Las filtraciones hechas en junio pasado por el consultor tecnológico, Edward Snowden, sobre los programas de espionaje global utilizados por Estados Unidos, desataron una de las tormentas diplomáticas más graves en todo el gobierno del presidente Barack Obama.

Snowden, ex técnico de la Agencia Nacional de Seguridad (NSA) y de la CIA (actualmente asilado en Rusia), hizo públicos a través de la prensa británica y estadounidense documentos clasificados en los que se mostraba cómo programas de vigilancia como el llamado «PRISM» fueron usados para interceptar comunicaciones de millones de personas en el mundo, incluidos varios líderes mundiales.

El hecho implicó un temprano cortocircuito entre Hong Kong -donde se supo que el «topo» Snowden se encontraba pocos días después de la filtración- y Washington, que desplegó todo su poderío diplomático para logar que sea arrestado y entregado, objetivo que finalmente no logró.

Pocos días después, Snowden aterrizó por sorpresa en el aeropuerto Sheremetyevo de Moscú, donde permaneció sin estatus legal claro durante 39 días, hasta el 1° de agosto cuando pudo entrar formalmente en territorio ruso tras recibir asilo temporal por parte del gobierno de Vladimir Putin.

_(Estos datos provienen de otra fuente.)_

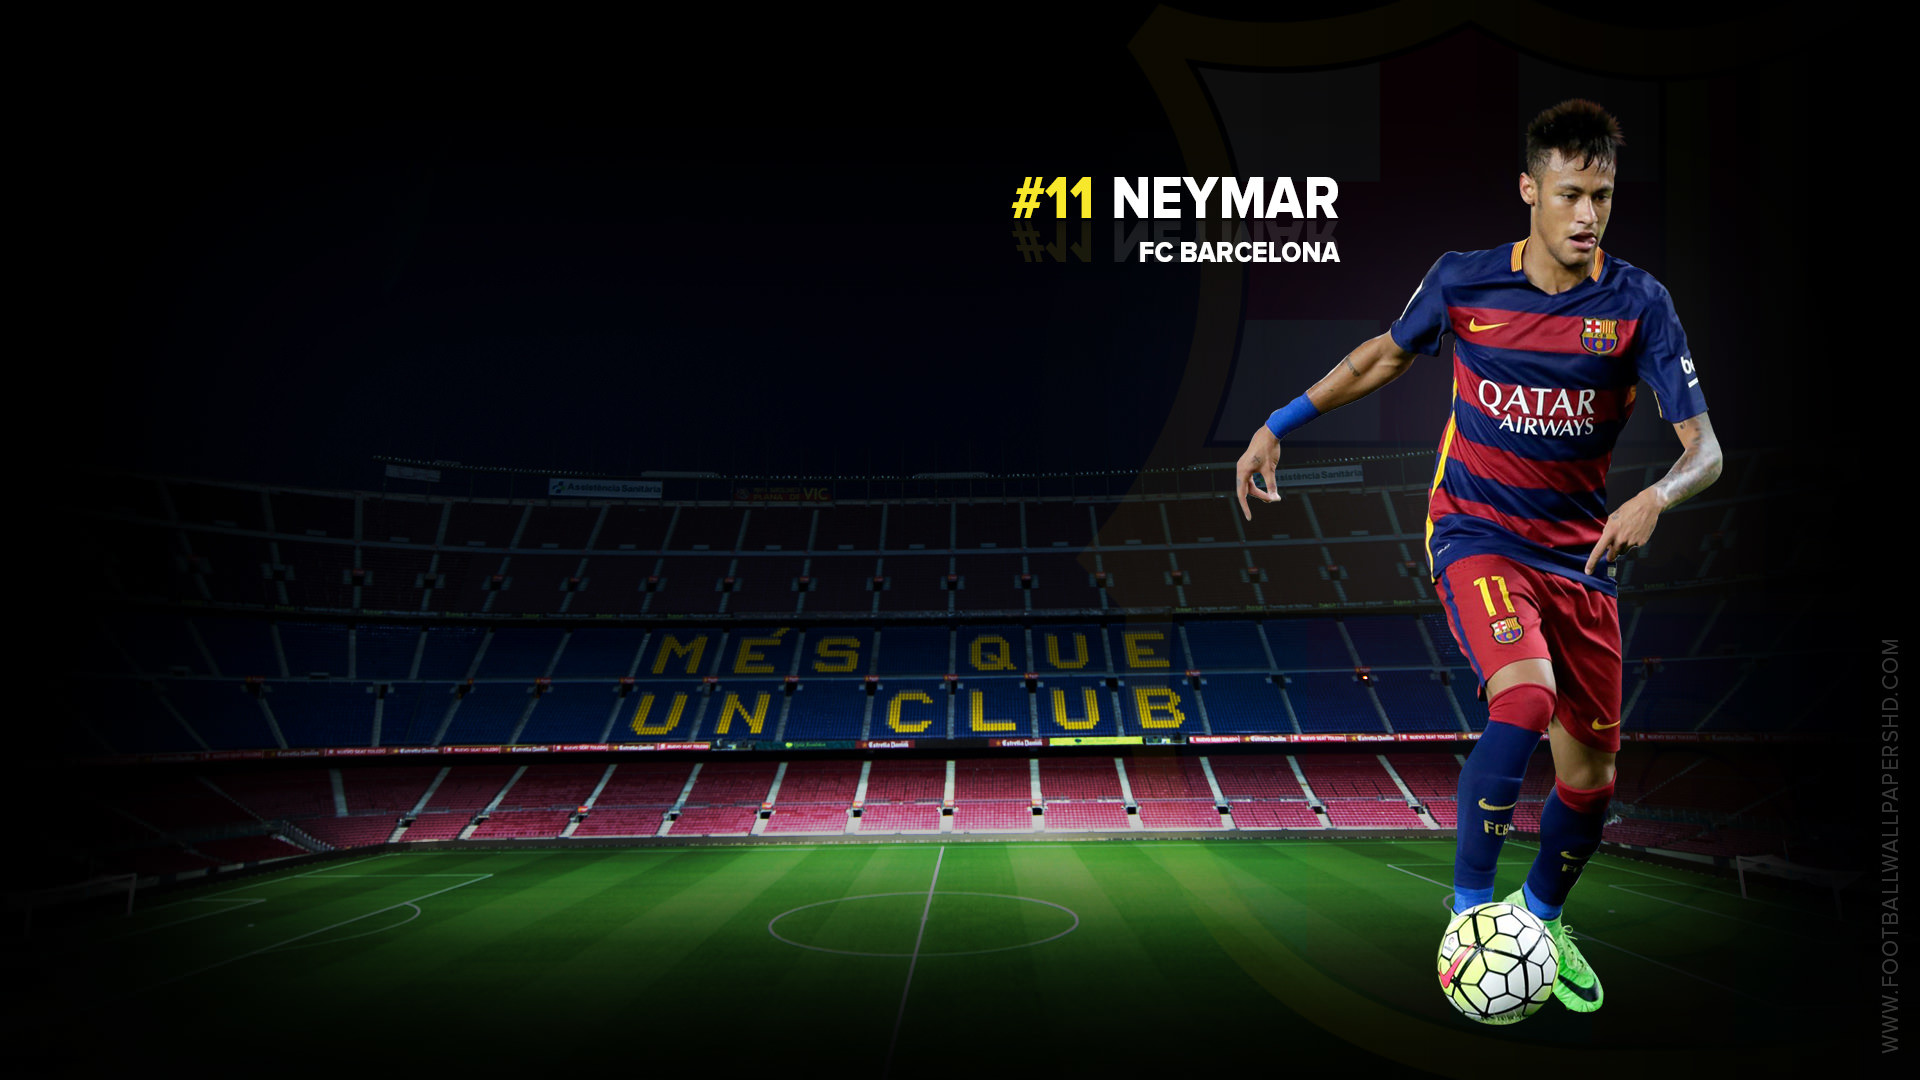 Ronaldo Messi Vs Cool Wallpapers

El trago más amargo para el Departamento de Estado vino cuando las filtraciones de Snowden evidenciaron que Washington espió los teléfonos de al menos 35 líderes mundiales, entre ellos, Roussef y Merkel

Durante ese lapso, un tenso ajedrez diplomático enfrentó a Washington con Moscú, que se negó a entregarlo pese a la fuerte presión de Obama; con Ecuador, que ofreció asilo a Snowden; y con buena parte de América Latina, cuando países europeos negaron su espacio aéreo al presidente boliviano Evo Morales, ante sospechas de que el «topo» viajara en su aeronave.

Sin embargo, el trago más amargo para el Departamento de Estado vino en los meses subsiguientes, cuando las filtraciones de Snowden evidenciaron que Washington espió también los teléfonos de al menos 35 líderes mundiales, entre ellos la presidenta de Brasil Dilma Roussef, y la canciller alemana, Angela Merkel.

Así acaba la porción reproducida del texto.